Император Всероссийский Николай II Александрович | страница 37



Сам Николай II, Витте, да и многие сановники ожидали, что день опубликования манифеста, 18 октября, если и не превратится во всеобщий праздник, то по крайней мере станет днем единения и примирения. Но этого не произошло. Если умеренные слои общества считали, что теперь можно пойти на соглашение с властью, левые расценивали манифест лишь как промежуточную победу, признак слабости противника. Лидер левых либералов П. Н. Милюков узнал о манифесте в Москве в Литературном кружке. Ликующие сторонники подняли его на руки, поставили на стол в центре ресторанной залы и заставили произнести речь. Подняв бокал шампанского, Милюков сказал: «Ничто не изменилось, война продолжается». И эту точку зрения разделяли многие. По стране прокатилась новая волна митингов. Не стихало и революционное движение. Дело дошло до вооруженного восстания в Москве (9 – 18 декабря 1905 г.), подавлять которое пришлось военной силой.

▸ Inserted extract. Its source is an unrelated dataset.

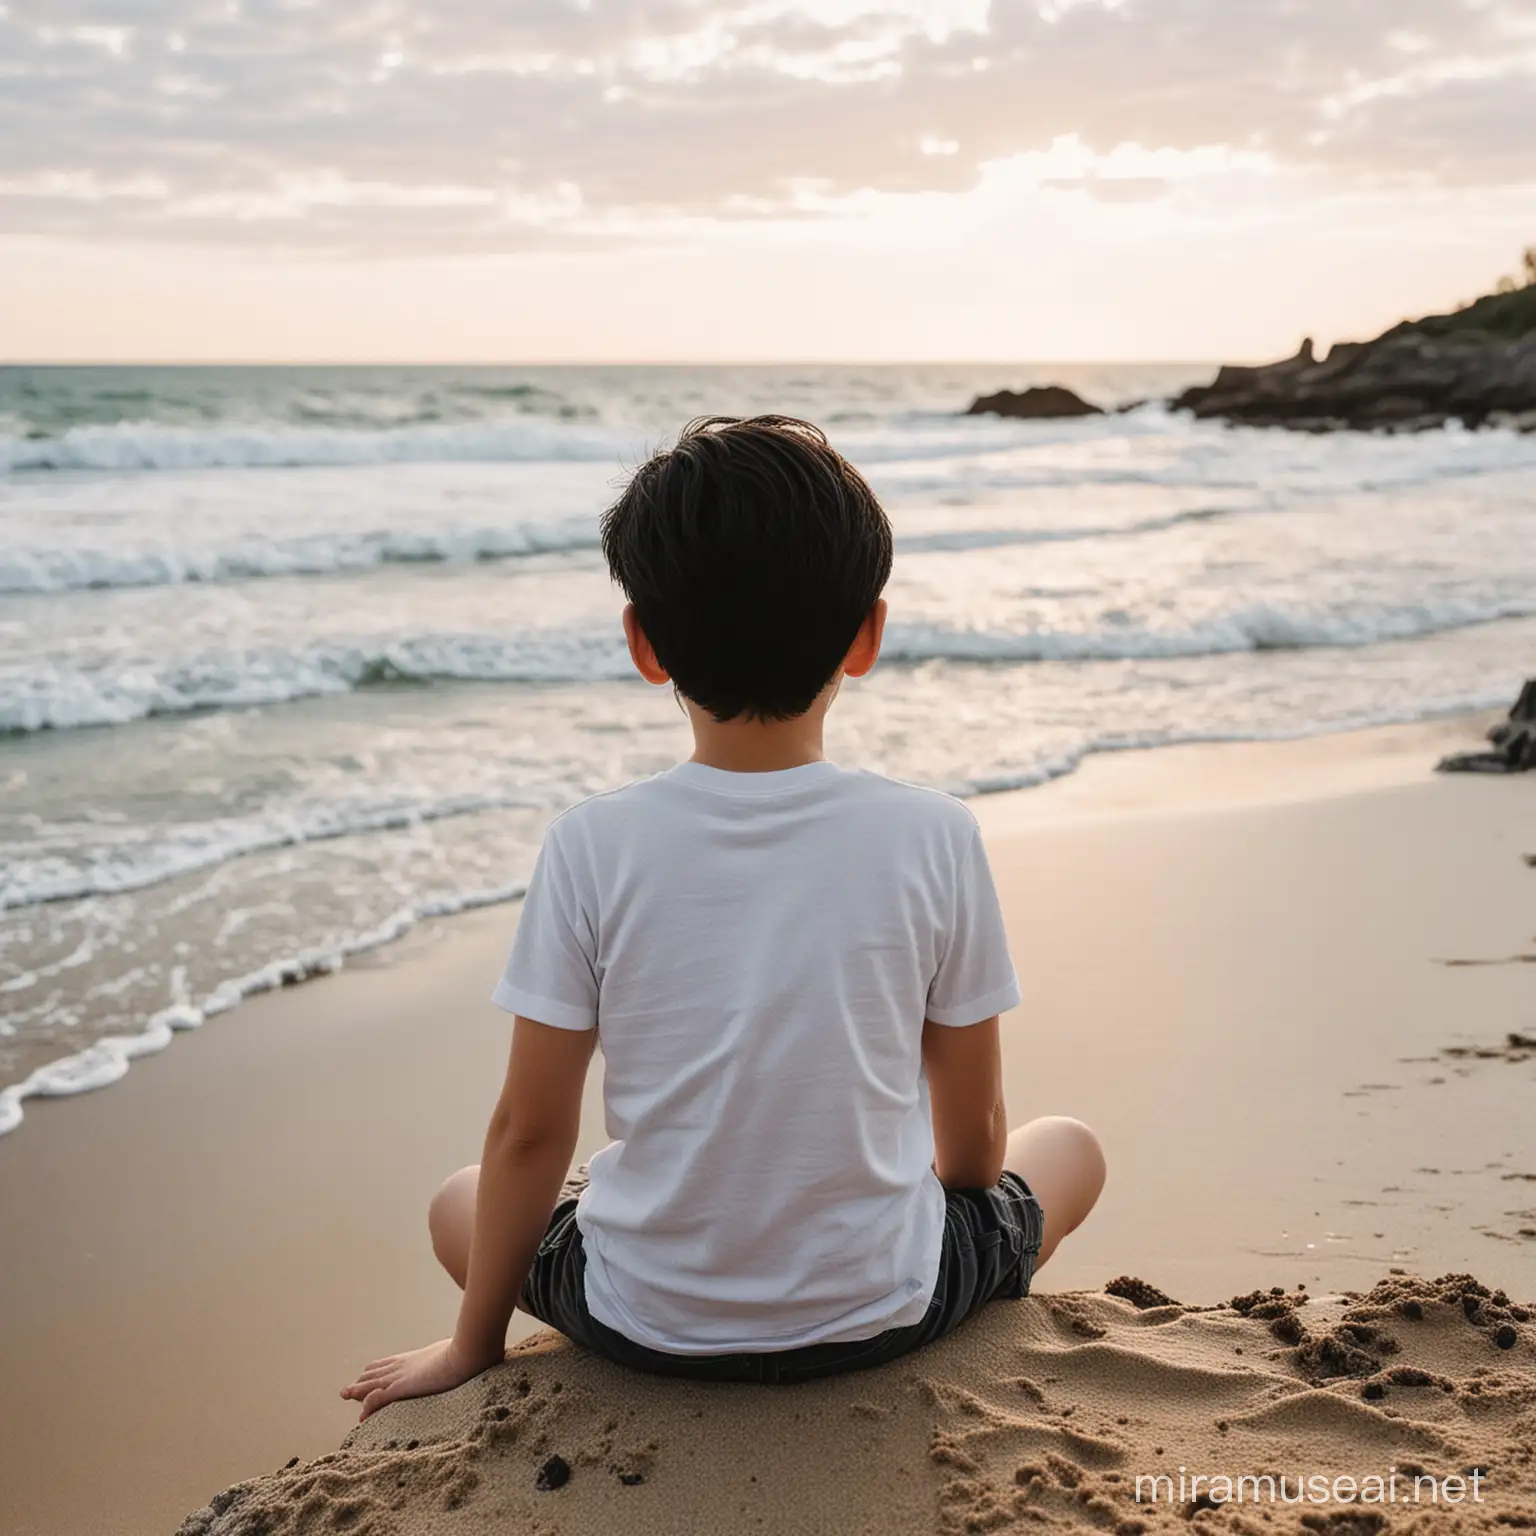 Um menino branco,de cabelos pretos,10 anos,sentado na praia,de costas,olhando pro oceano,ele está sentado de costas olhando para o oceano

Во время обсуждения и в первые недели после опубликования манифеста современники склонны были расценивать его как конституцию. Но, строго говоря, таковой он не был. По сути, это была очередная декларация намерений правительства. Правда, на этот раз заявленные планы преобразований включали все основные требования оппозиции: гражданские свободы (неприкосновенность личности, свободу совести, слова, собраний, союзов), признание думы не законосовещательным, а законодательным органом. Однако для того, чтобы все это стало действительностью, надо было еще разработать соответствующие законы. В этой ситуации многое зависело от того, какую окончательную форму примут планируемые преобразования, а в конечном итоге – от воли императора, без подписи которого не мог быть реализован ни один закон. А сам он с самого начала относился к манифесту именно как к конституции. Более того, при обсуждении текста император не пытался обойтись минимальными уступками. Эту свою позицию он объяснял тем, что предпочитает «давать все сразу, нежели быть вынужденным в ближайшем будущем уступать по мелочам и все-таки прийти к тому же».

Решение далось Николаю II очень тяжело. «Ужасные дни», «страшное решение», писал он матери. Но после того как это решение было принято, он не считал себя вправе отказываться от данного слова. Принимая в декабре представителей монархических организаций, чуть ли не требовавших от монарха отмены манифеста и подтверждения незыблемости самодержавия, император сказал: «Манифест, данный Мною 17 октября, есть полное и убежденное выражение Моей непреклонной и непреложной воли и акт, не подлежащий изменению».